● **Input data**:
□ □ □ □ □ □ □

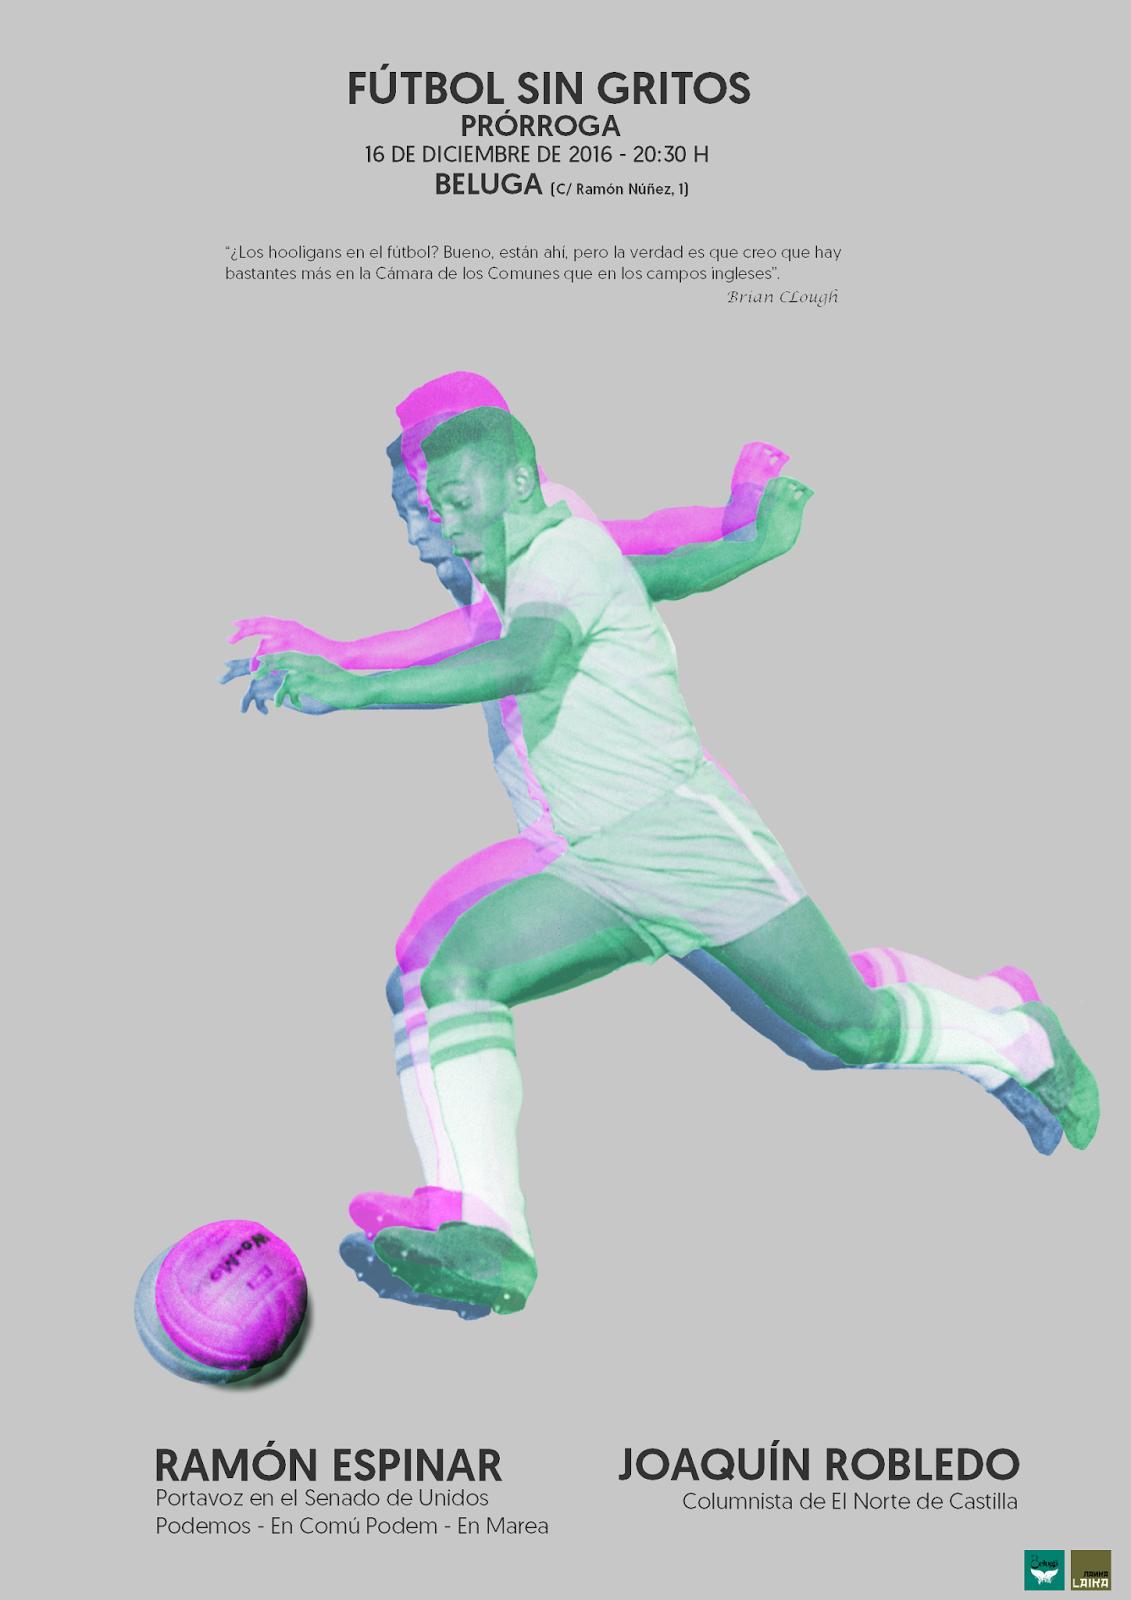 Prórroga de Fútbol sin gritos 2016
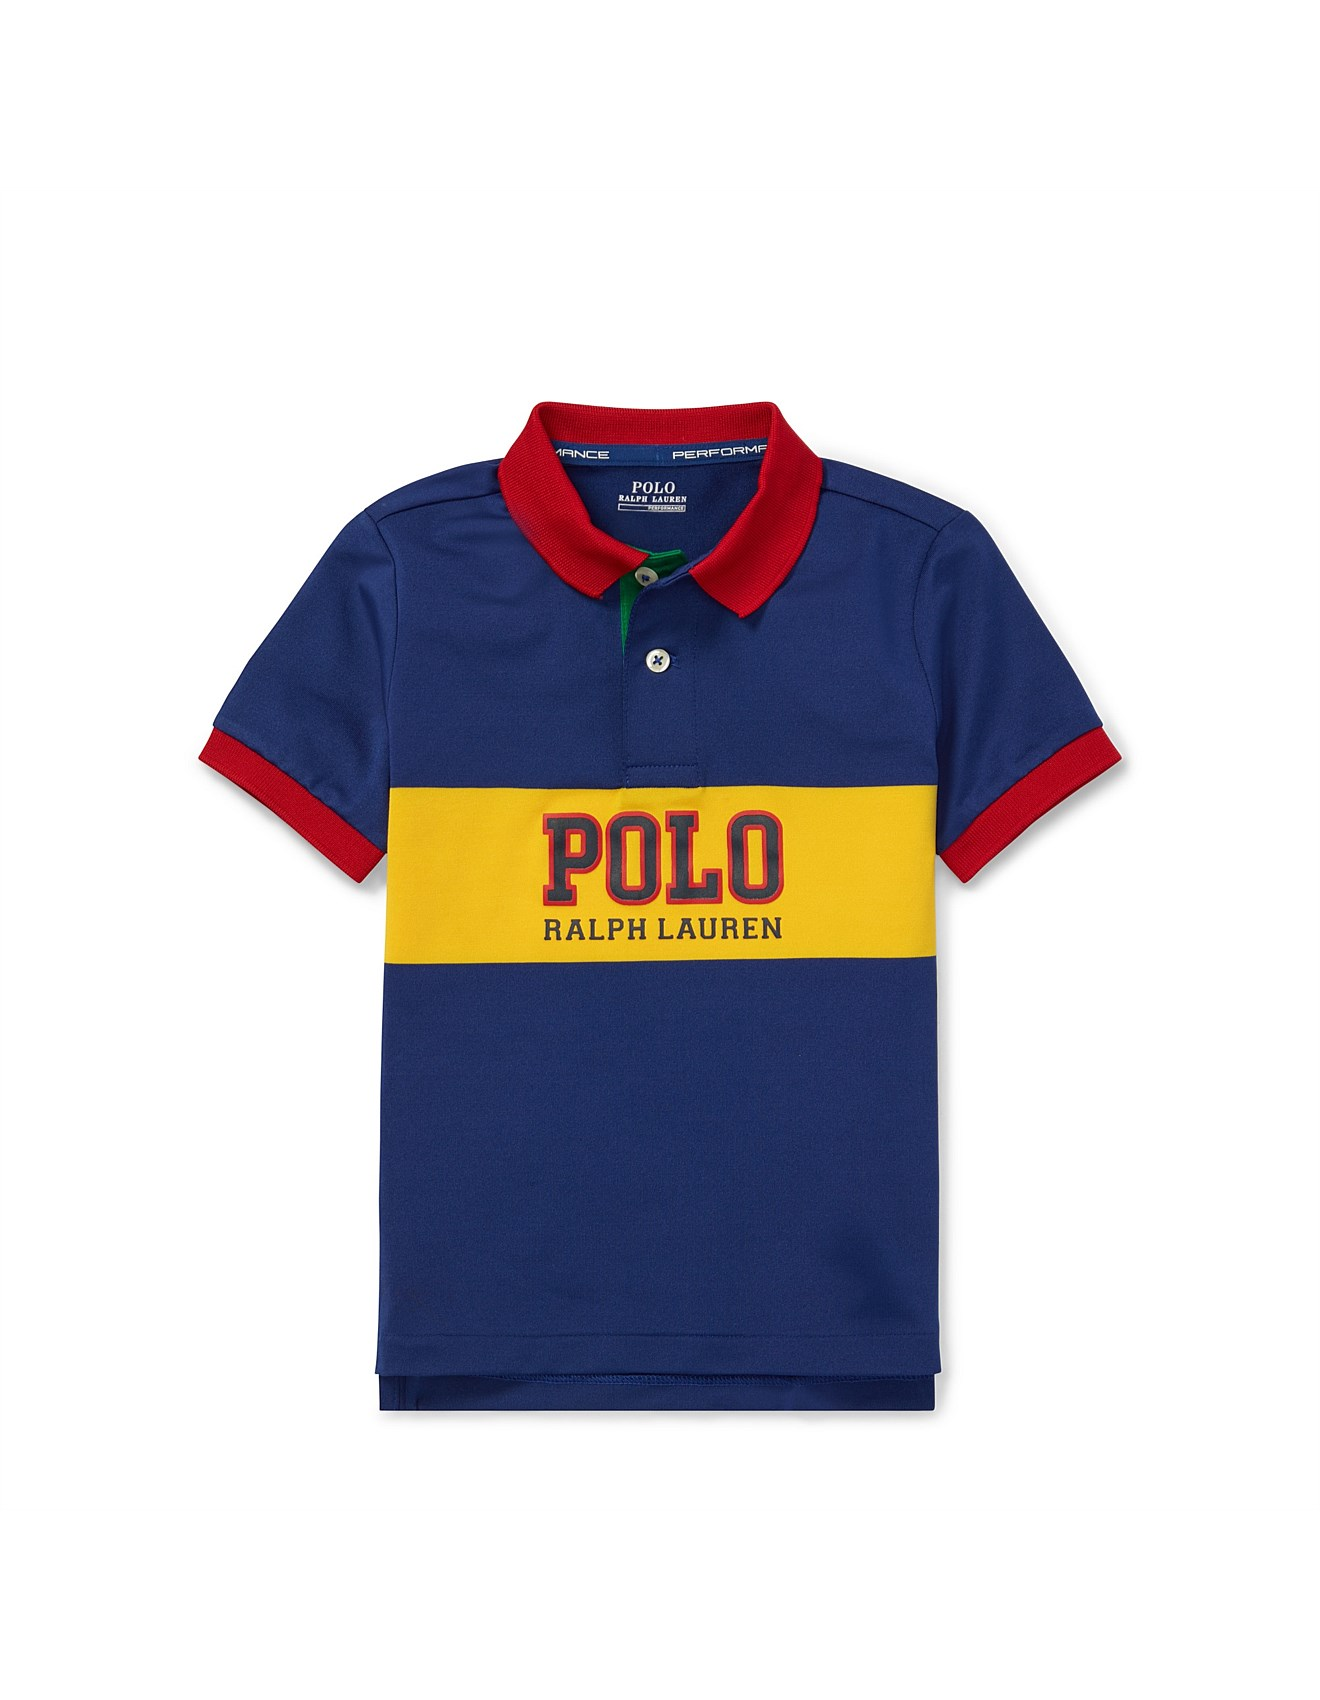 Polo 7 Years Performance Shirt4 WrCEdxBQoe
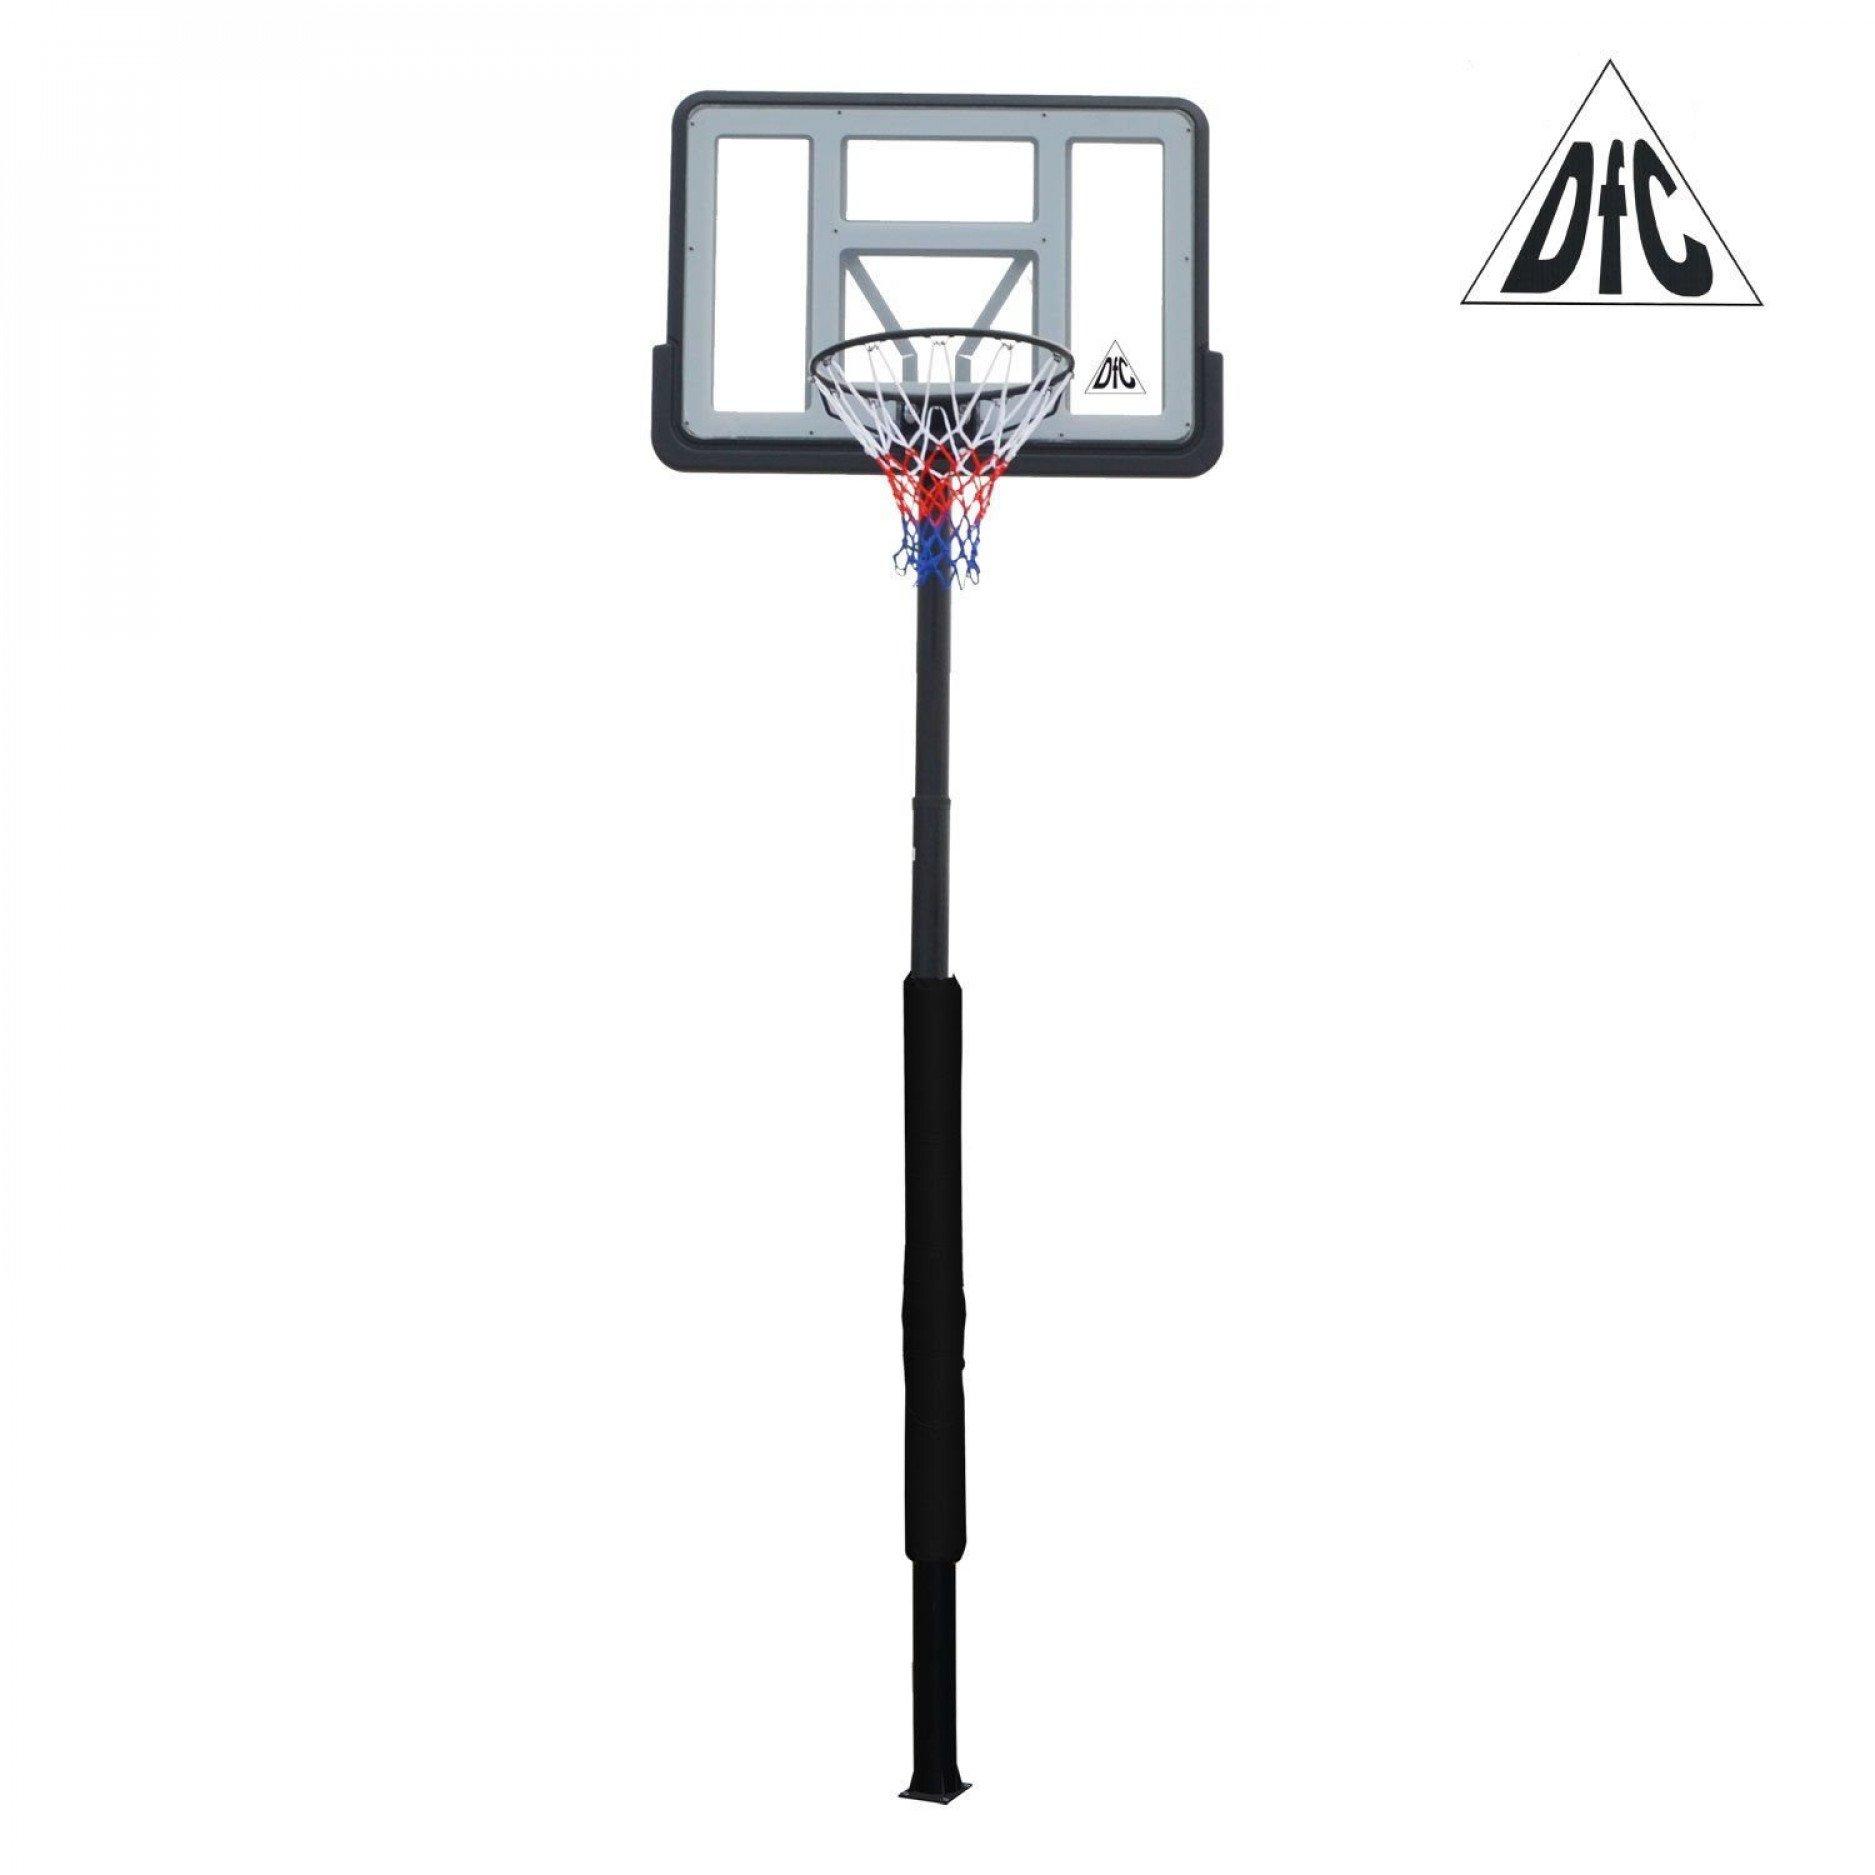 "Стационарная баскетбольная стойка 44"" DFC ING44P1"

□ □ □ □ □ □ □

● **What to produce**:
What is needed is a word-for-word copy of the data above, free of any images.

● **Task solution**:
 Prórroga de Fútbol sin gritos 2016
 Polo 7 Years Performance Shirt4 WrCEdxBQoe
 "Стационарная баскетбольная стойка 44"" DFC ING44P1"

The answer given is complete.